I disagree. If the attack targets military personnel then it’s not a terror attack, it’s an act of war. Which… is not great, either.
Given that something like 20% of the population of Israel is non-Jewish I’d be more comfortable if you phrased that as “Israeli lives matter”, because the gentile citizens of Israel aren’t being spared, either.
That, and the fact that legally they are stateless people which makes it extremely difficult for them to travel/emigrate elsewhere given how every country on earth these days wants passports and documentation. If you aren’t a citizen of anywhere you’re a refugee no matter how long you’re family has lived in one place.
I’d like to know where you’re getting these numbers. Cite?
Also, would like to know what is meant by “injuries”. Certainly, people holding the pagers were maimed and blinded, but how badly injured were “injured” bystanders? Seriously? Permanently? Or gashes/cuts that will heal relatively rapidly with no long-term impairments? You make it sound like everyone nearby was grievously injured and I’ve seen reports that bystandars were mostly relatively minor injuries.

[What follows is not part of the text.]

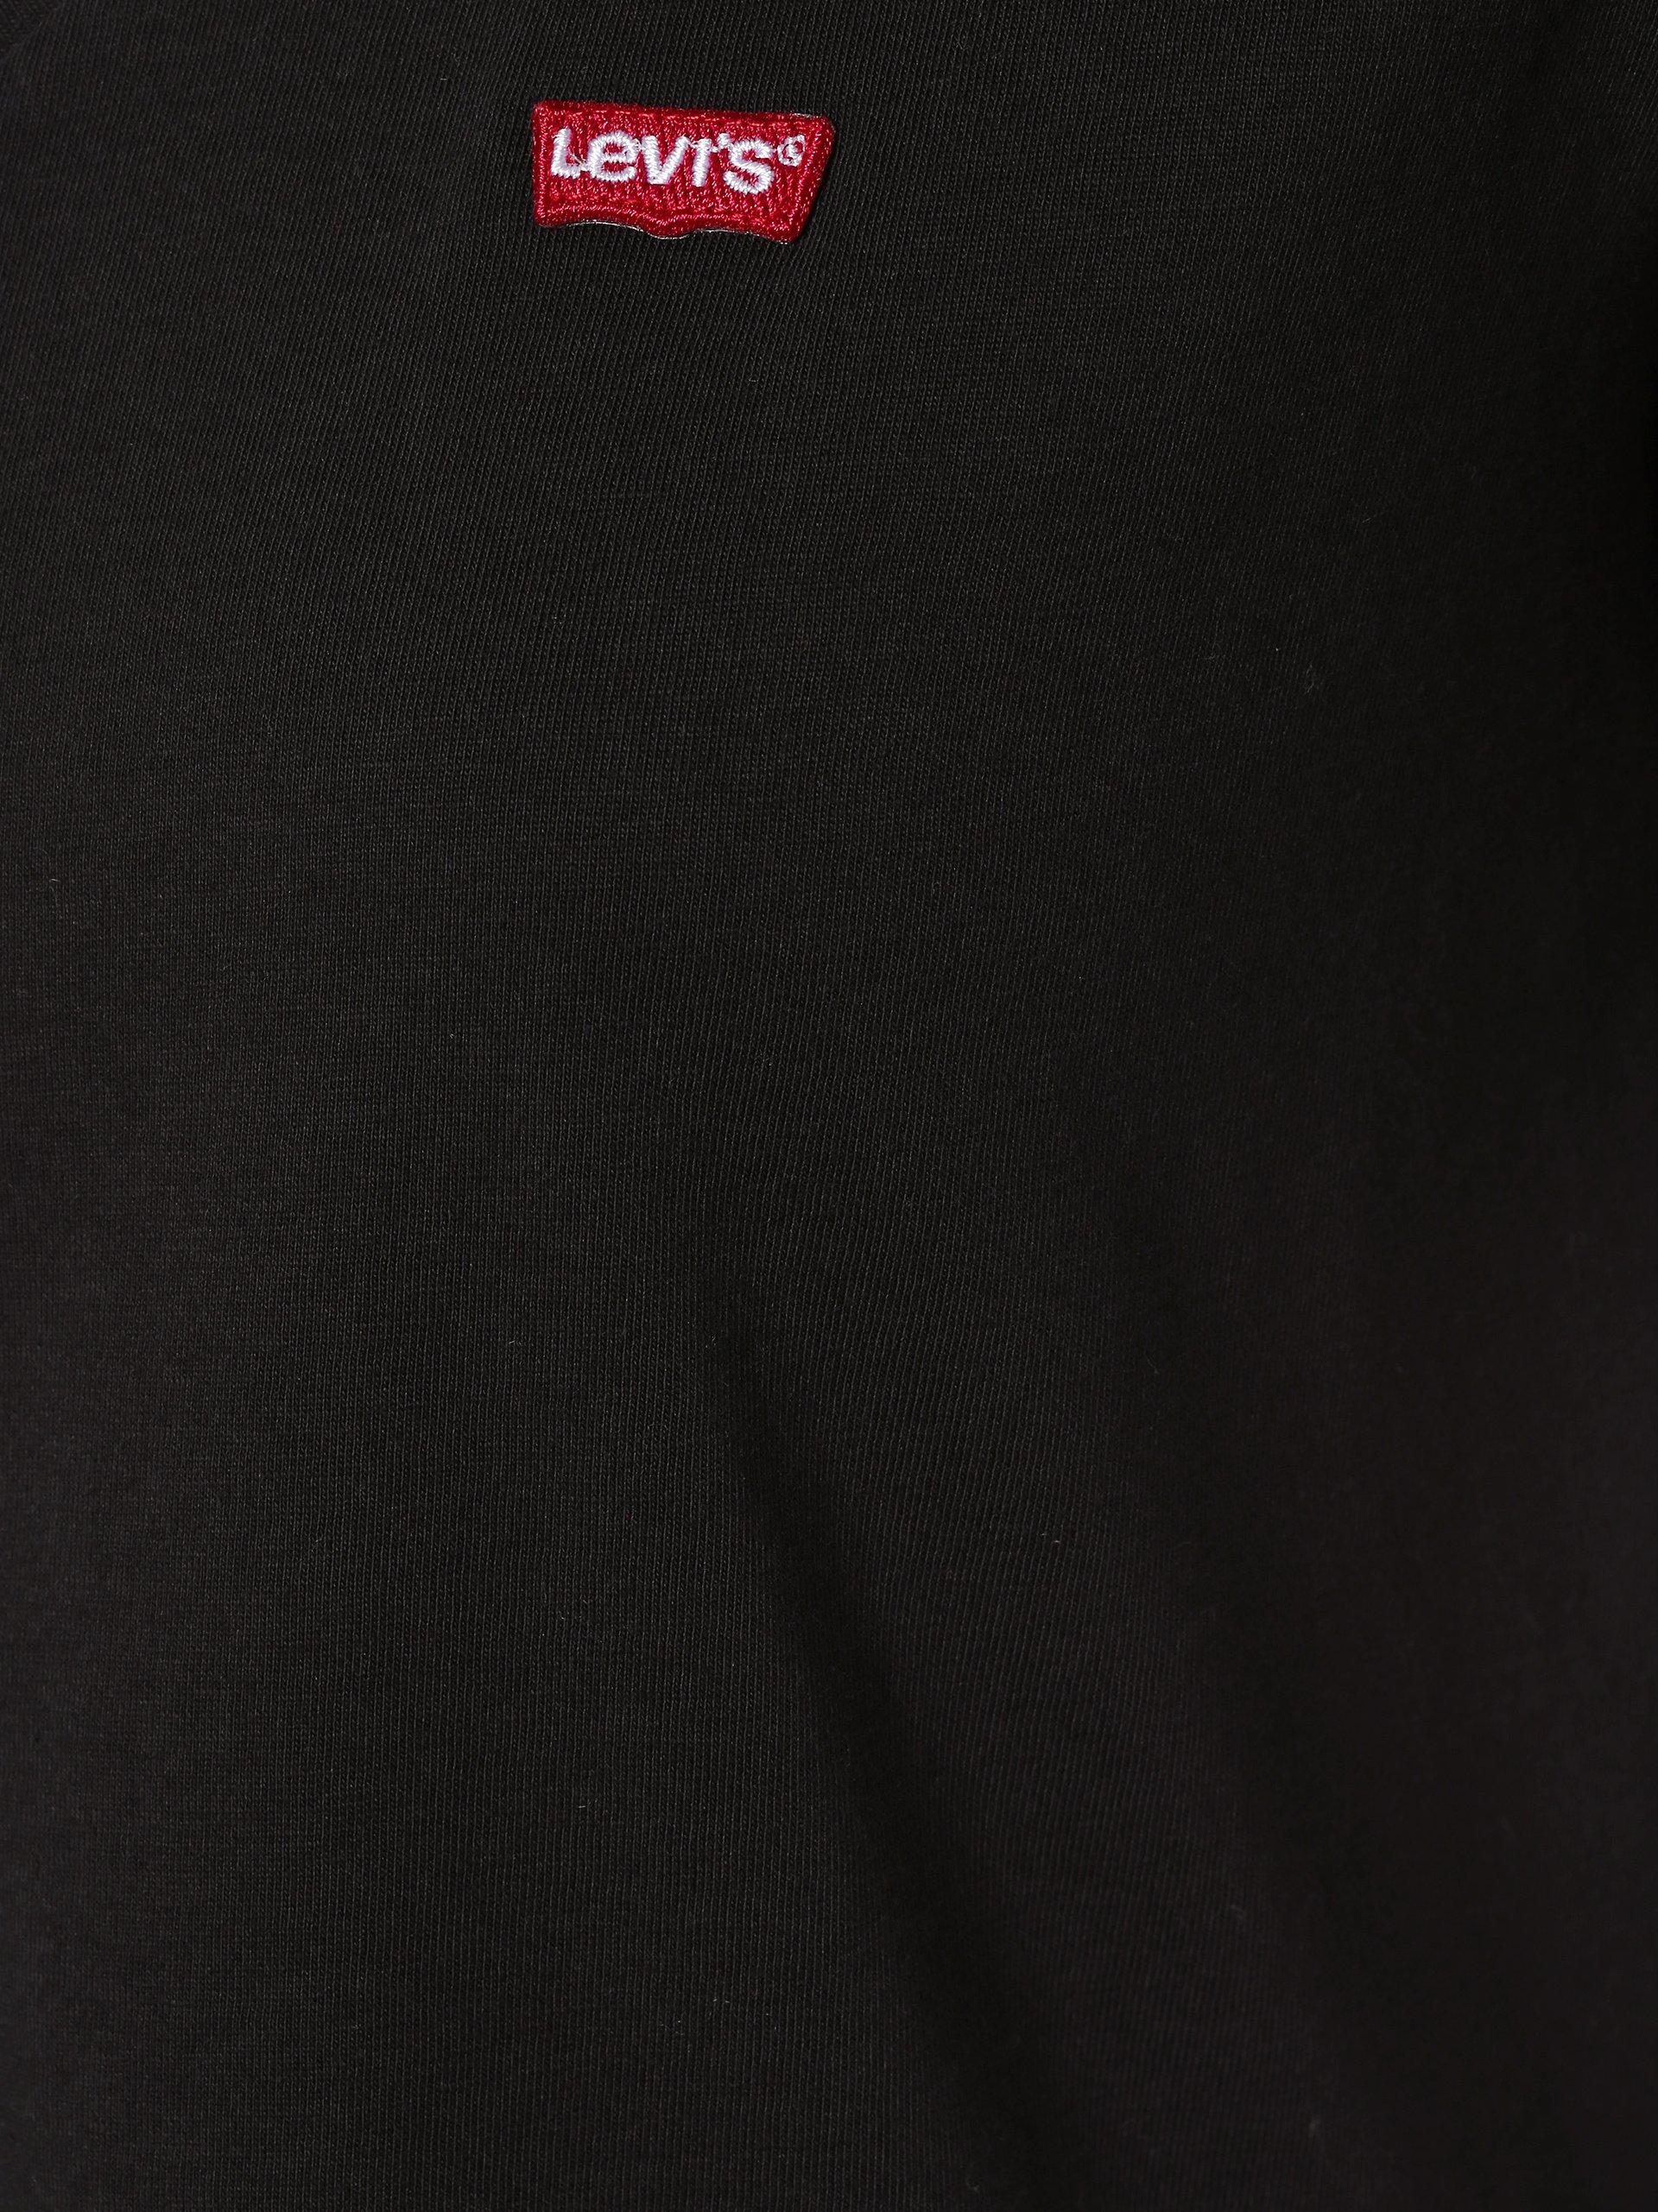 Levi\'s Damen T-Shirt

Not saying a serious one was impossible, it just doesn’t seem to have been the rule.
Quite a few nations do NOT recognize that sort of citizenship, known as jus soli or citizenship by soil - you are only considered a citizen of that nation if you are born to citizens of that nation regardless of where you are physically located at birth, known as jus sanguinis, or citizenship by blood. Which is why we have stateless people in this world.
At present only 17% of countries have unrestricted jus soli, all but two in the western hemisphere. That really is a trait of the Americas, not the rest of the world. Another 17% have a limited jus soli, those countries sprinkled across the rest of the world, and by “limited” it might only apply to orphans (not people with still-living relatives) or with some other condition.
For 2/3 of the world’s nations the ONLY way to be a citizen is to have at least one, and sometimes requiring both, your parents to have citizenship in that country. Which means if you’re parents weren’t citizens then you aren’t. Doesn’t matter how many generations your family lives in that country, no matter how many generations are born there, you are not a citizen. Again, this is why we have so many stateless people in the world. (Somewhere between 4 and 10 million - they can be hard to count what with some nations only interested in counting citizens within their borders and ignoring anyone else).
If the Jews have right-of-return to their Jewish state why shouldn’t the Palestinians have right-of-return to their Palestinians state?